第37章研究所
于柳倒在了客厅里,手颤颤巍巍,试图伸向不远处的药瓶,嗓子像破风箱一样,发出“嗬嗬”的声音。
听见有人来,于柳的眼珠里迸发出希望的色彩,她艰难地盯着贝含珠与姜斐,然后又将视线移到药瓶上。
所幸贝含珠反应迅速,查看清楚瓶盖上的剂量标注后便立刻取药。
而姜斐拿过桌上的水杯,把于柳的上半身立起,和贝含珠共同协作给于柳喂药。
等于柳咽下药粒,姜斐听贝含珠的安排去联系了物业、急救中心以及于柳的女儿。
贝含珠守在于柳身边观察情况,避免后者产生异常反应。
这一系列行动在进门后的十五分钟内完成,救护车赶到后,姜斐主动背着于柳下楼,物业处理被暴力破坏的金属门,贝含珠一边看着姜斐一边向于柳的女儿解释发生的事情。
等到于柳的状况稳定下来,时间悄然来到了傍晚六点。
目前医学界是可以完全治愈于柳这种心脏病的,但不知为何,她选用了比较古老的吃药压制的方式。这个方法与等死无异,姜斐很纳闷,她从于柳的资料上看到了对方自身拥有的财富,足以支撑治疗费用。
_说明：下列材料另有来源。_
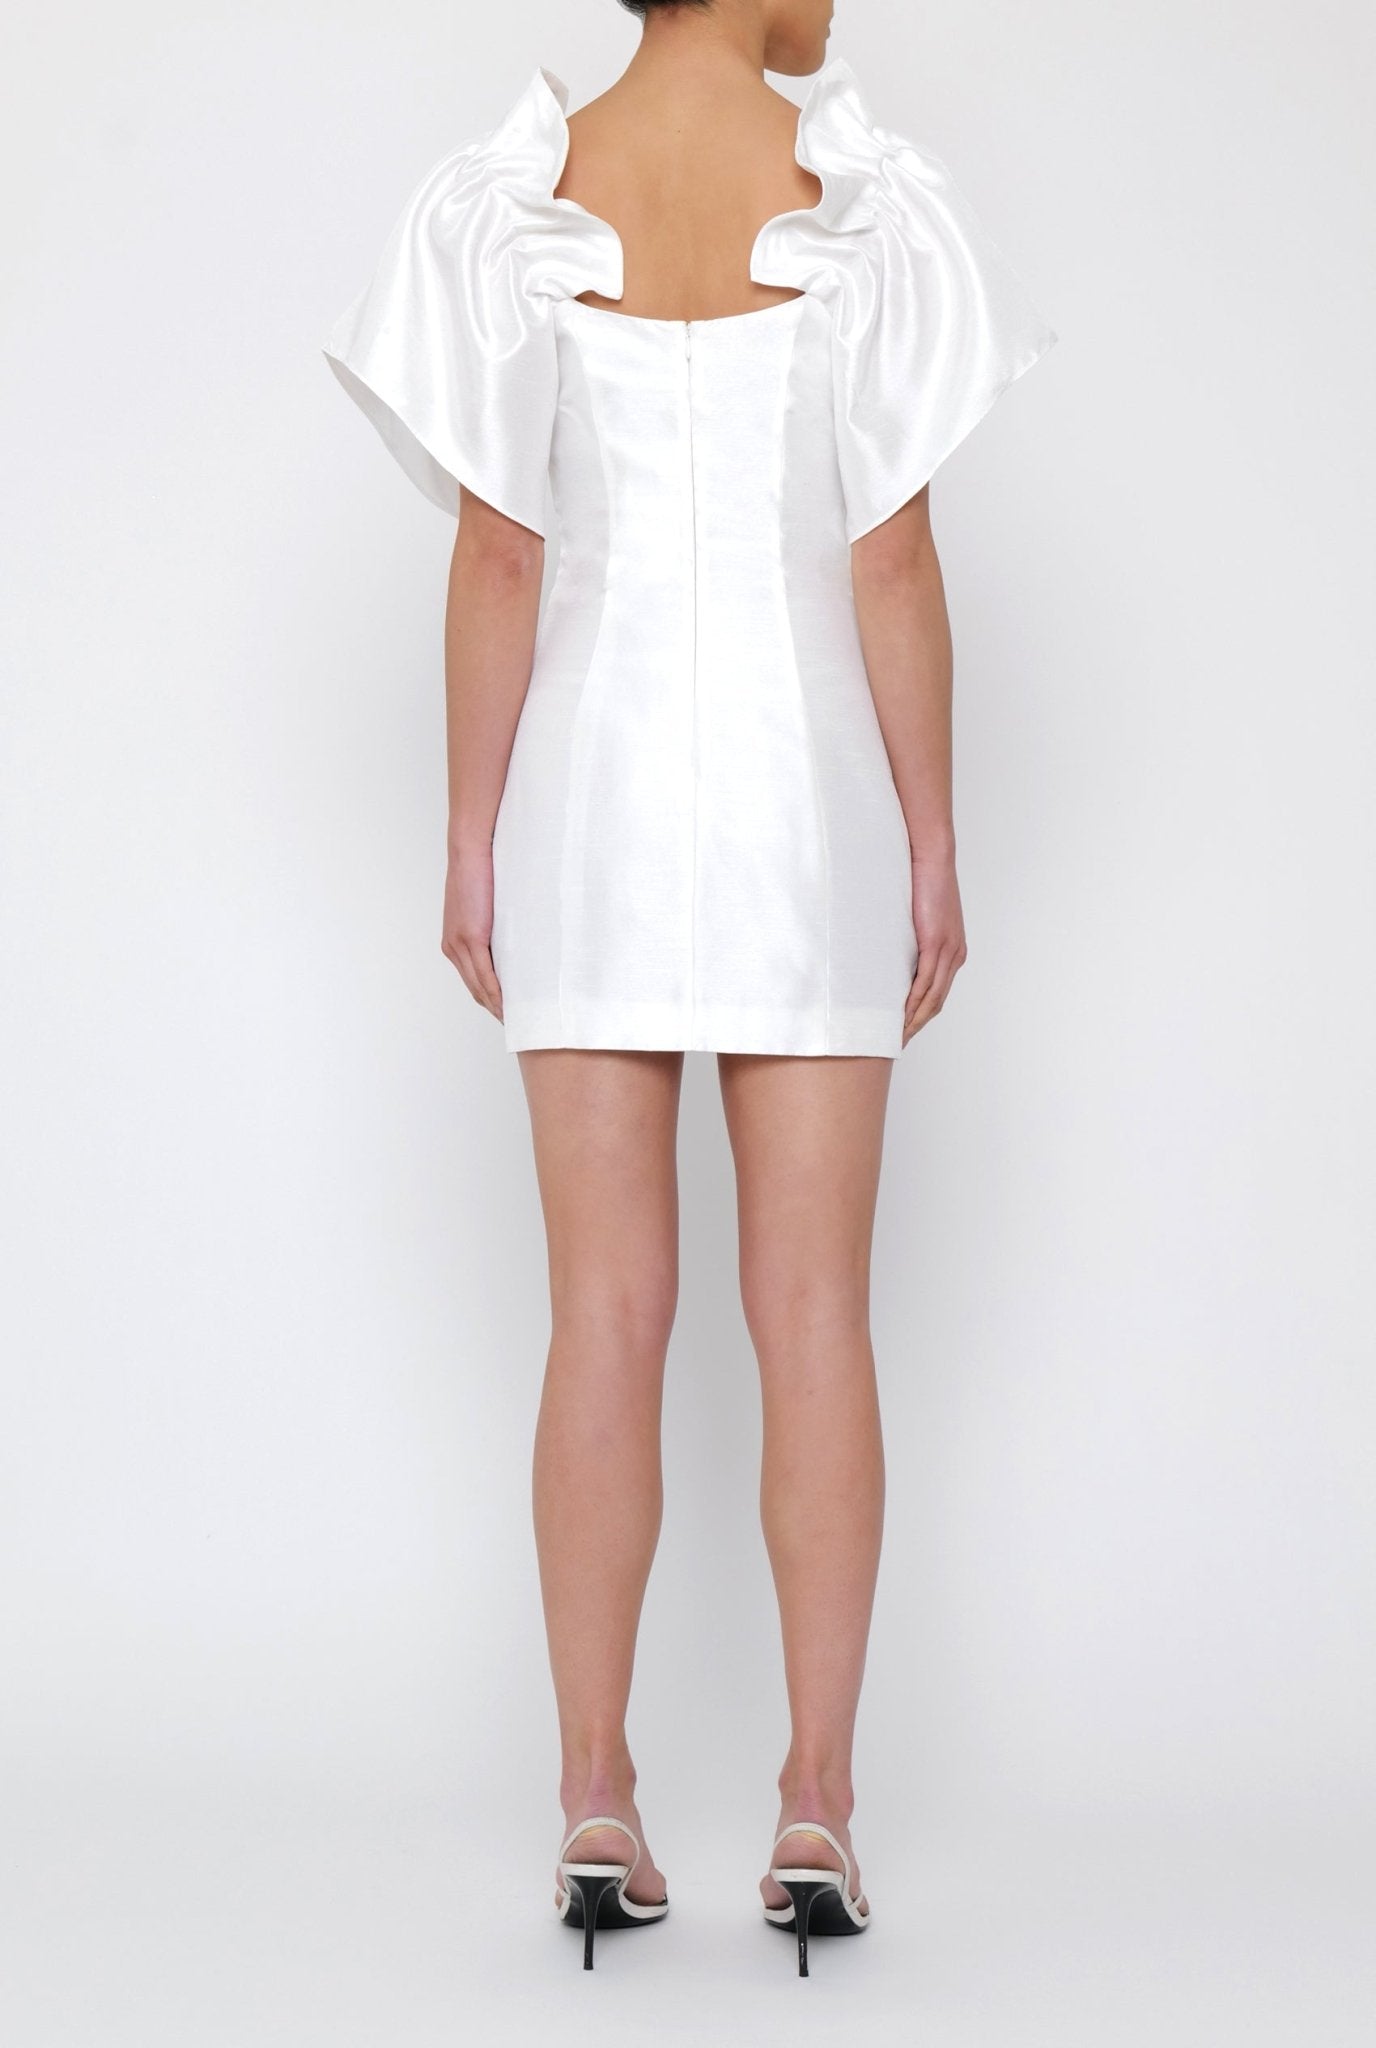 Lilian Dress in White - BOSKEMPER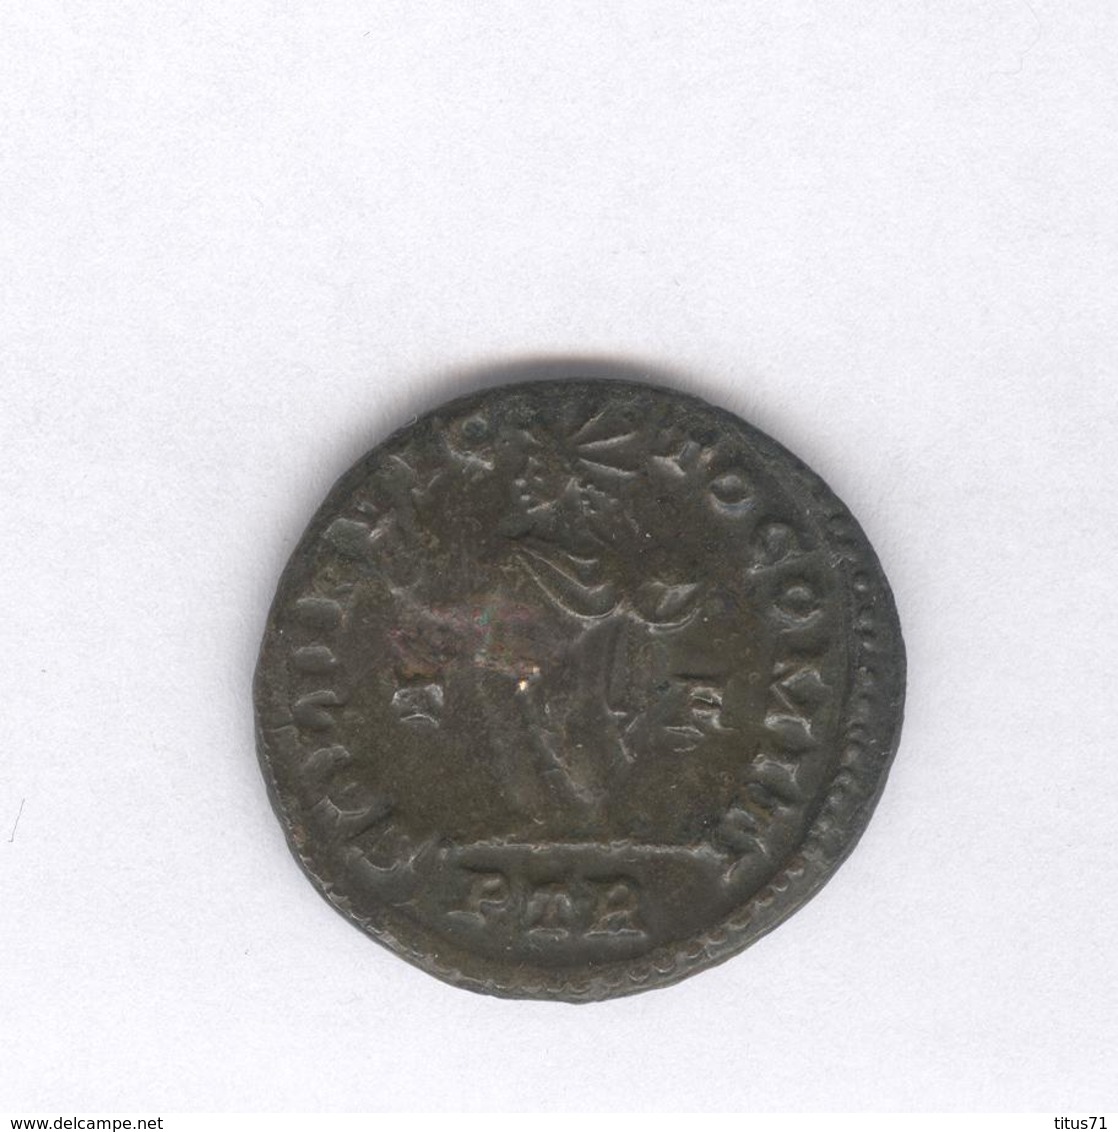 Follis Constantin - Soli Invicto Comiti - 309-310 - Monnaie Rome Antique - Lot 21 - L'Empire Chrétien (307 à 363)

更别说于柳还有一个在其它星球工作的女儿,她的薪资水平挺高,两者的母女关系也不错。
如果不是因为没钱,还能是什么原因让于柳选择不治疗呢?
但这不是姜斐她们今天需要探究的事情,她与贝含珠有其它任务在身。
姜斐瞄了眼躺在床上的于柳,用手肘顶了下贝含珠的胳膊,小心地用气声说话:“喂,我们今天还要问她有关案件的事吗?”
贝含珠还没说话呢,躺病床的于柳举起了手:“我能听见,你们不用那么小声。”
“我现在感觉还行,你们要问什么就快说吧,等我女儿赶来了,她说什么也不会让你们打扰我的。”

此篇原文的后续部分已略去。